Speaker: Irina Mikhalevich
Assistant Professor, Philosophy, Rochester Institute of Technology
Simplicity is typically regarded as scientific virtue despite being surprisingly difficult to define and even more difficult to defend qua virtue. Despite these considerable challenges, scientists often appeal to simplicity to justify inferential and methodological choices. For example, a common heuristic in comparative cognition advises choosing the ‘simplest’ (or least cognitively sophisticated) explanation of animal behavior whenever multiple explanatory hypotheses are equally empirically adequate.
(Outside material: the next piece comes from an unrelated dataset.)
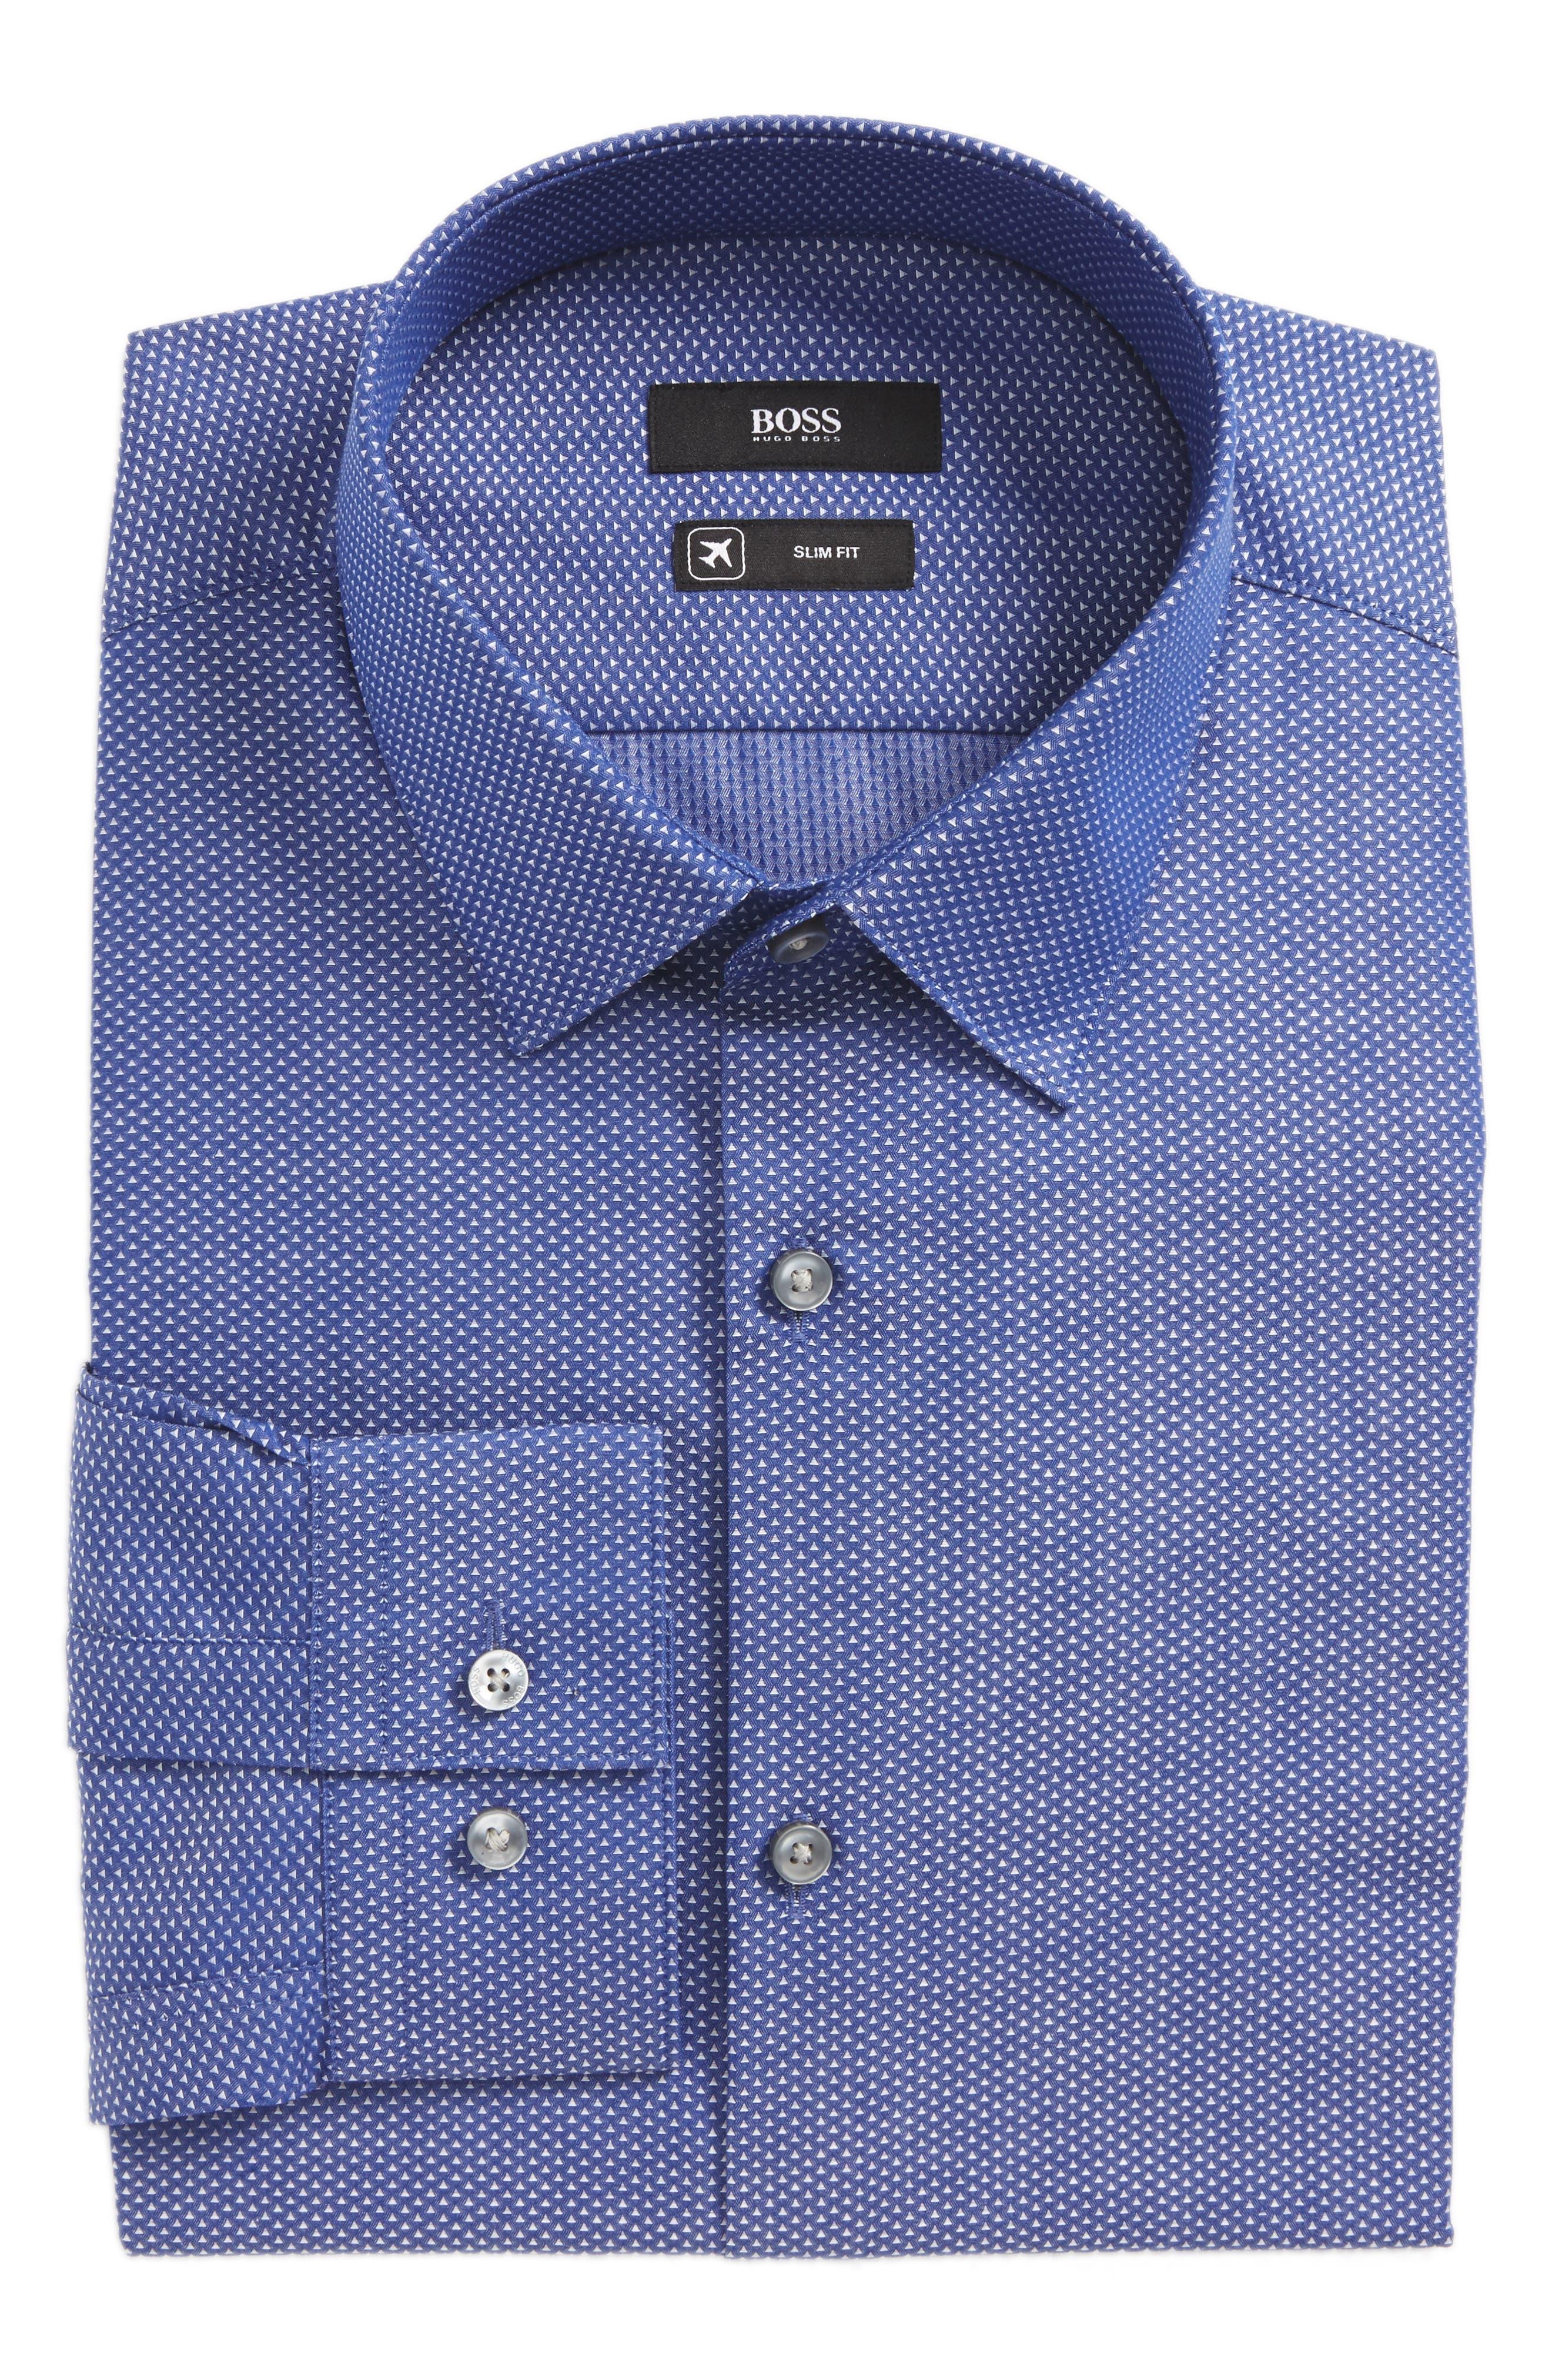 Isko Slim Fit Geometric Dress Shirt,                         Main,                         color,

In this talk, I suggest that this ‘simplicity heuristic’ adversely affects a relatively new tool in experimental comparative cognition: namely, cognitive models. It does so, I argue, by directing intellectual resources into the development and refinement of putatively simple cognitive models at the expense of putatively more complex ones, which in turn directs experimenters to develop tests to rule out these ‘simple’ models. The result is a state of affairs wherein putatively simple models appear more successful than their more ‘complex’ rivals not because they are in fact epistemically superior, but because they have been the lucky recipients of the lion’s share of intellectual resources. I suggest that moving toward a more quantitative science of animal minds is likely to improve the explanatory and predictive power of animal cognition research, but only if these models do not fall prey to existing biases such as the simplicity heuristic.
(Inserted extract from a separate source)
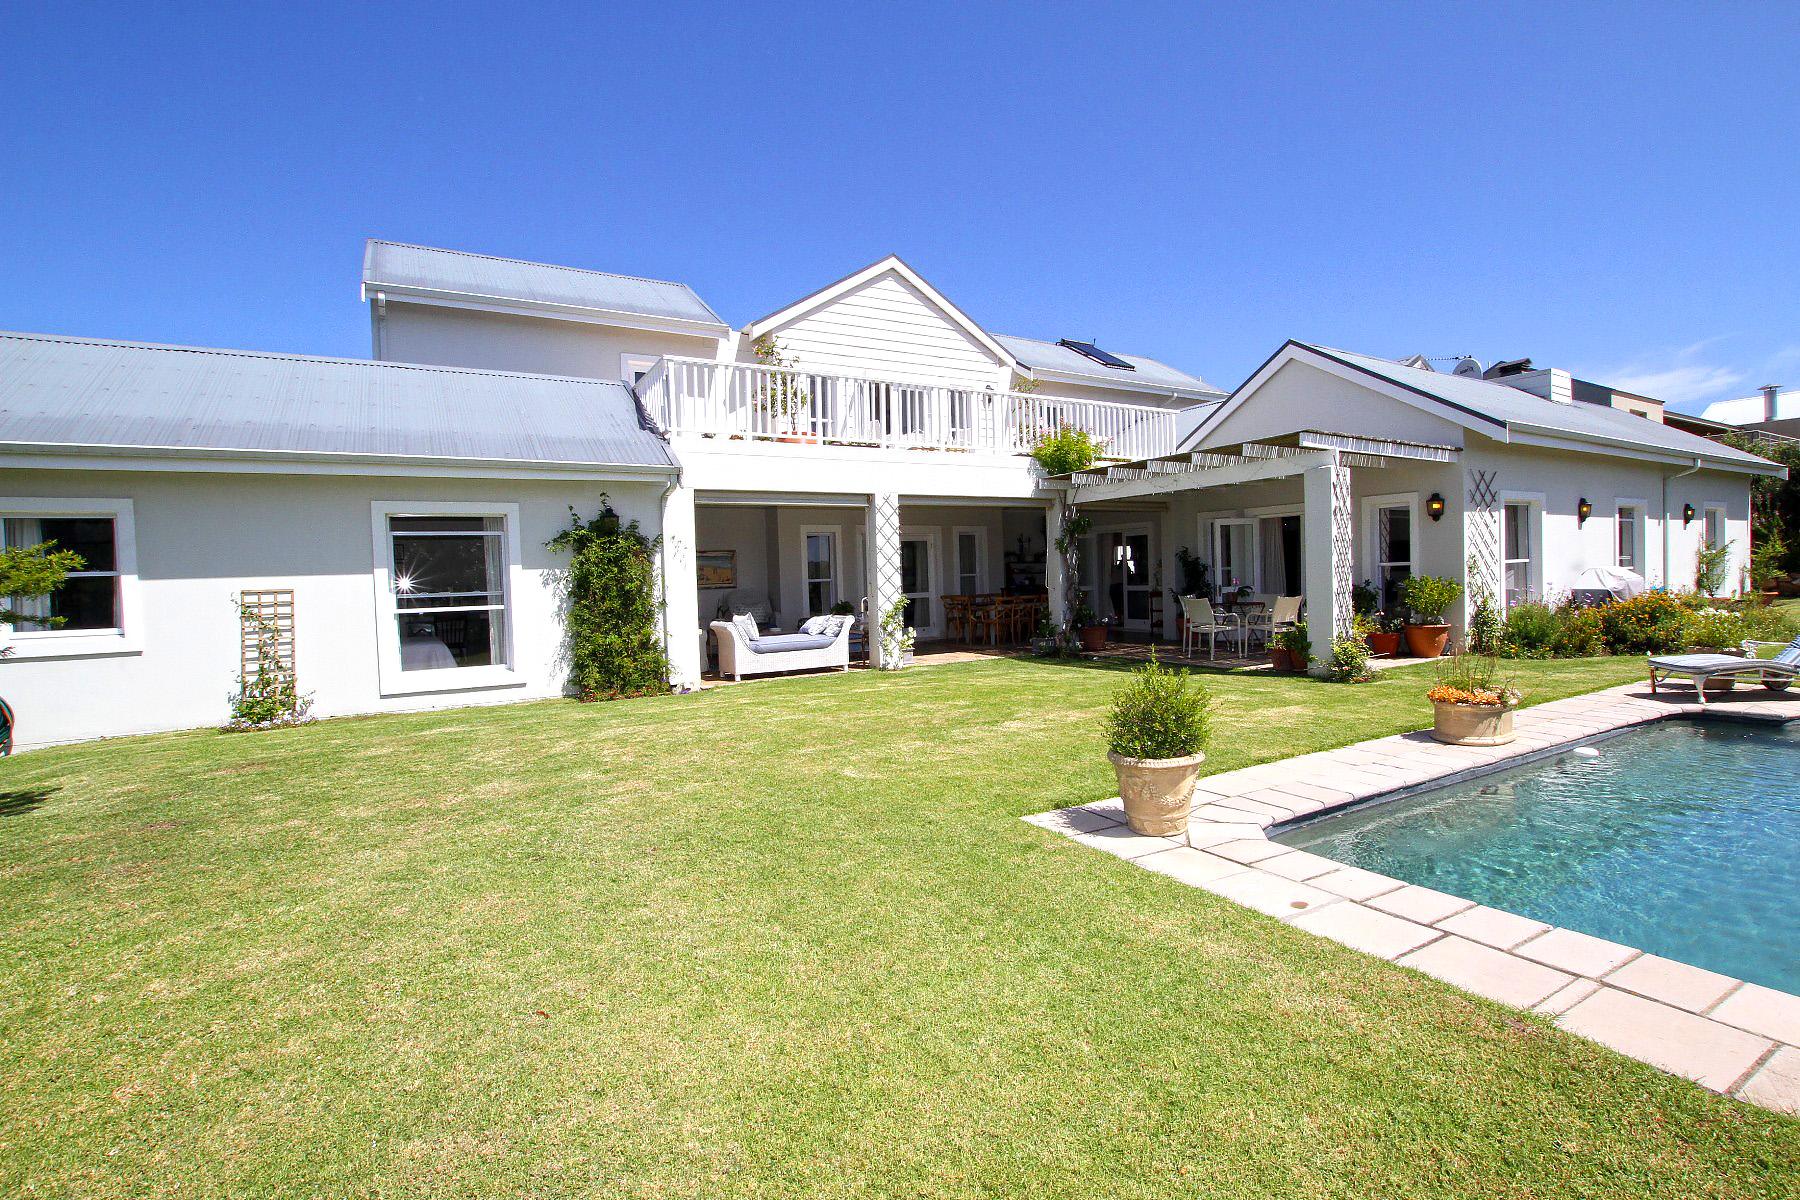 Moradia para Venda às Brackenridge Delight Plettenberg Bay, Western Cape, 6600 África Do Sul

Mikhalevich, Irina (2015) "Experiment and Animal Minds: Why the Choice of the Null Hypothesis Matters" Philosophy of Science, 82.
Speaker: Julia Bruno
Presidential Scholar in Society and Neuroscience, Columbia University
The songs of zebra finches and other birds can be described as sequences of vocal gestures, and current research indicates that developmental song learning is a process of generating and linking together song elements, or “syllables.” However, zebra finch song also sounds highly rhythmic, and song is often associated with courtship dancing. To test the biological significance of song rhythm, we trained juvenile zebra finches to alter their songs by incorporating a new syllable that either fit or deviated slightly from the prior rhythm. Contrary to a purely sequential account of song learning, birds more readily acquired the new sequence when it fit within a pre-established rhythm. This result suggests that temporal patterns are learned, in addition to and perhaps separately from constituent syllable sequences. We further investigated how song rhythms and tempos may be learned and reused. We found that tutored song rhythm (defined as ratios of syllable onset-to-onset intervals) was copied, but not tempo (the intervals themselves). Nevertheless, we found a strong tendency toward conservation of birds’ own tempo across development, including in cases of incomplete sequence imitation. In other words, birds appear to learn new syllables within the ‘framework’ of their existing song tempo. Together, these findings raise the possibility that the developing songbird brain encodes song time structure independently of acoustic content.